Overall, using the technique against multiple LLMs like GPT, GPT4-Turbo, and Google’s PaLM-2, the researchers were able to find jailbreaking prompts for more than 80% of requests for harmful information while using an average of fewer than 30 queries.

The study found that small, unaligned LLMs can be used to jailbreak the largest aligned LLMs – such as GPT-4 – and the more capable LLMs are easier to break.

“There is a very clear difference in the performance of our method against GPTs or PaLM-2 and against Llama,” the researchers wrote. “We believe that a potential explanation of Llama’s robustness could be that it frequently refuses to follow the precise instructions of the users when the prompt asks for harmful information.”

These jailbreaks also come at a low cost, Kassianik wrote. They only need black-box access to the target model and don’t need large compute resources, they wrote.

No Human Supervision Needed

In addition, it can do all this automatically, without human supervision. The researchers stressed that a risk of such automated attacks is that they can used by anyone, even those without a deep understanding of LLMs. Similarly, black-box access means that the attack doesn’t require knowledge of the architecture or parameters of the LLM.

TAP also is interpretable, the researchers wrote, adding that such an attack “produces meaningful outputs. Many of the existing attacks provide prompts for which at least part of the prompt has no natural meaning.”

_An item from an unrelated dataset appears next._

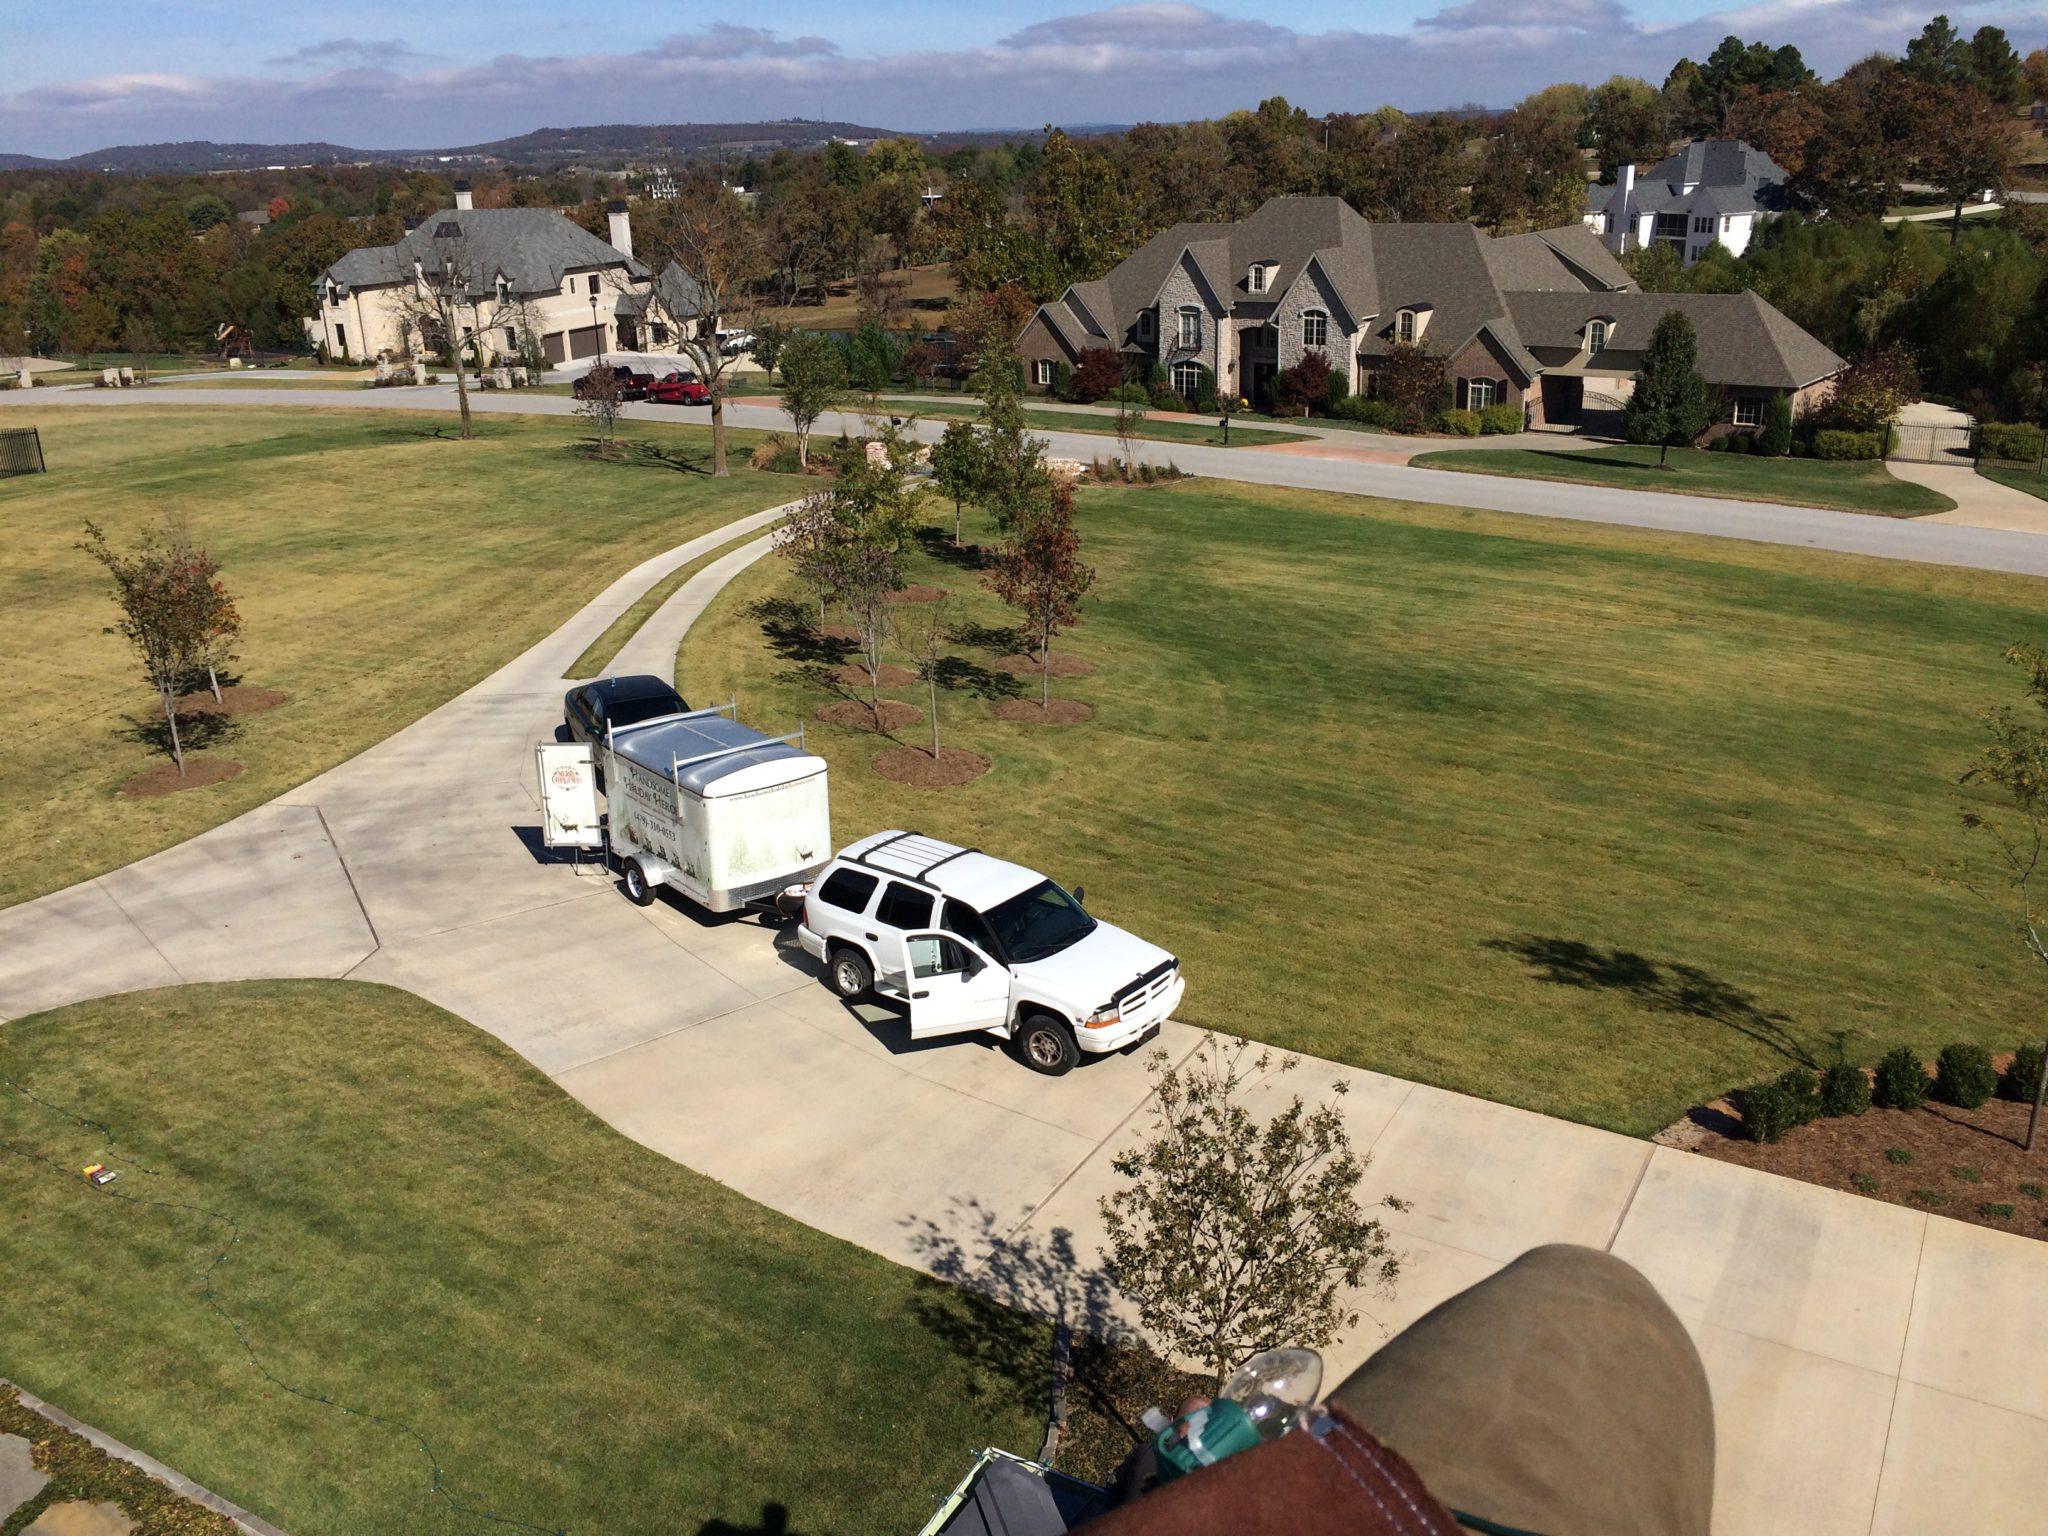 Christmas light installer truck and trailer in Northwest Arkansas

In commentary emailed to, CEO Yaron Singer said that most published examples of jailbreaks of LLMS use manual processes of trial-and-error to target a single model. “We developed an automated and systematic method that can be applied to any model,” Singer said.

The research puts a spotlight on the need to improve security measures around LLMs, according to the CEO.

“We believe that it’s important for companies to independently assess the risks of any model before use and weigh any risks against the use case. This is done through AI red teaming,” he said. “Companies should also adopt a model-agnostic AI firewall or guardrail approach that can validate inputs and outputs in real time, informed by the latest adversarial machine learning techniques.”

In the Works

Federal regulators are pushing AI organizations to make their AI models and products more secure, and a group of the larger tech vendors in the field – including Microsoft, Meta, OpenAI and Amazon – in July agreed to a set of safeguards proposed by the White House.

In addition, some already are using red teams. Microsoft in August outlined the continuing evolution of its AI red team, which launched in 2018. That came a month after Google launched its own red team for AI systems. In addition, both Microsoft and Google in October expanded their bug bounty programs to include generative AI tools.